Yo creo que estamos a
un paso de colapsar por exceso de realidad. Por todas partes y por todas las
horas estamos rodeados de grandes y de minúsculas realidades. Es el tiempo de
las cosas, de las muchas cosas, ya sean tangibles o no, pero ejercientes existenciales
a golpe de presencia. Las hay en todas partes en número que diría infinito si
mi mente llegara allí, pero me temo que mi mente se anquilosa ante el reto de
contar lo incontable. Quizás habría que sobrecogerse por la desmesura, pero no
mucho menos que por la condición totalitaria que exhiben. La realidad es una
dictadura que ganó el poder de una sola vez y para toda la eternidad, pese a
que nadie sepa bien qué es eso de la eternidad. A veces hay que preguntarse si
la realidad mínima debería caber entre las lindes de la mesita de noche sin
desbordarse. Ahí nos cabe lo justo para no tener que recuperarnos nunca de un alejandrino.
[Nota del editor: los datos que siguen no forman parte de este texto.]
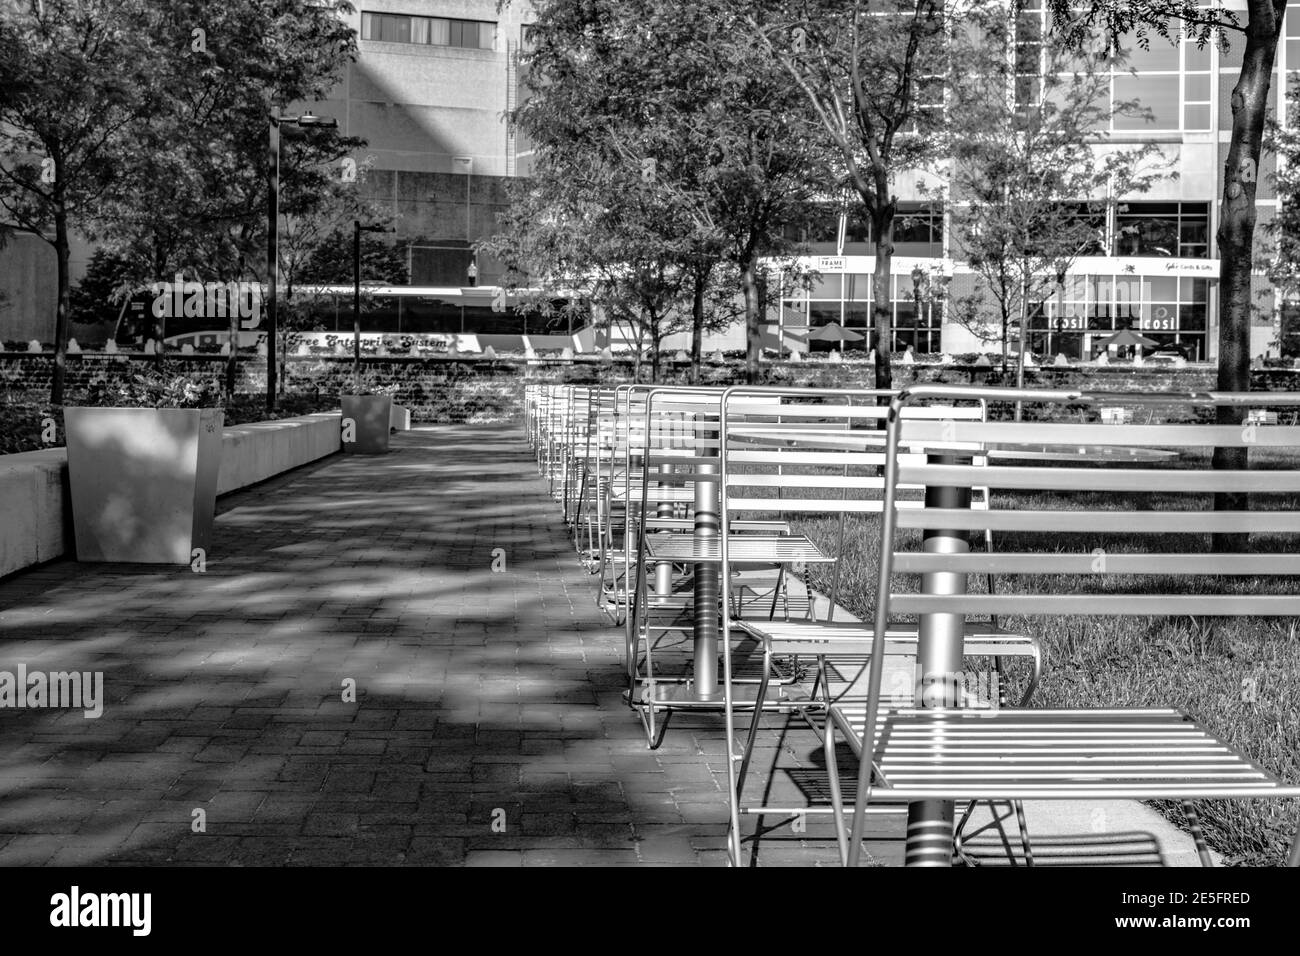 A line of cafe tables and chairs in a city park in black and white Stock Photo

Pero hasta las ensoñaciones viven en modo costumbrista y, antes de llegar al
segundo verso, hay que descongelar el pan, con lo que, no sólo se descompone la
rima, sino que aprendes de una vez que la vida no es de tu talla.
Ahora que todo el mundo
lanza en medio de la mesa su realidad como el que arroja un as de bastos, no es
bueno olvidar que el verbo ser, sólo es una forma mal dicha del parecer, cuya
irónica entidad está en duda, incluso por la ciencia. Pero es que hoy cunde el
hábito de olvidar lo inolvidable, apelando a lo visible de cuanto nos rodea
cuando ya sabemos que cualquier partícula posee, sobre todo, una gran nada en
sus entrañas. Por eso, una vocación abolicionista de la realidad puede ser tan
esperanzadora como salvífica. La cena es una de las cuatro finalidades del
hombre, pero hemos olvidado las otras tres. Así no se puede. Por todas partes
etiquetas y nombres que no son otra cosa que absolutismos en zapatillas de paño
o, peor aún: porciones de realidad que nos convierten en fragmentistas. Los
anaqueles de la conversación están repletos de anecdotarios sin categorías y
nadie pregunta el porqué de una galleta de chocolate y hasta resultan
deprimentes los optimismos.
Lo cierto es que el
peso de la realidad nos impide ver el bosque y tal tipo de ceguera solo produce
lo que llamo “preguntas muertas”. Preguntas que se parecen a un tigre
angustiado que busca la salida en el interior de una jaula. Es como pretender
una fórmula matemática con rima asonante, o bien escribir un soneto a base de
ir superponiendo raíces cuadradas. Ejemplos que sugieren la pluralidad de los
mundos y que las preguntas a las cosas situadas en un mundo han de pertenecer
al mismo para que la respuesta no se salga tampoco por los bordes. Otra
cuestión es pensar que todas las cosas pertenecen a la vez a todos los mundos,
asunto muy probable.
Hay que trascender la galleta de chocolate, no
queda otra. Y salir de la febril “cosabilidad” con la valentía de usar la razón
contra uno mismo, es decir; usar la razón contra la razón misma; único viaje
posible hacia las “preguntas vivas”. Son esas que planean fuera de la jaula y
que comprenden que las cosas solo responden de modo completo a las preguntas
que no se le hacen. Porque toda interrogación es parcial mientras no demos con
la “pregunta total”. Todo lo que no es
completo es fragmento, y todo fragmento adopta una figura que parece precisa,
como un recibo de comunidad o un programa de lavadora, un plazo hipotecario, un
mando a distancia, un verbo en futuro simple o la órbita de un electrón. Vivimos,
entonces, en medio de abundantes precisiones diseminadas como en un campo de
minas, sin orden conocido y sin que nadie detenga su siembra. Al parecer,
todavía quedan veredas por donde escapar de tanta realidad. Yo tengo una sobre
la mesita de noche que, al abrirse, muestra el alejandrino con el que me duermo
y del que no quiero olvidarme ni recuperarme. ¡Pero, caramba, qué agobio de
realidad a las cinco en punto de la tarde!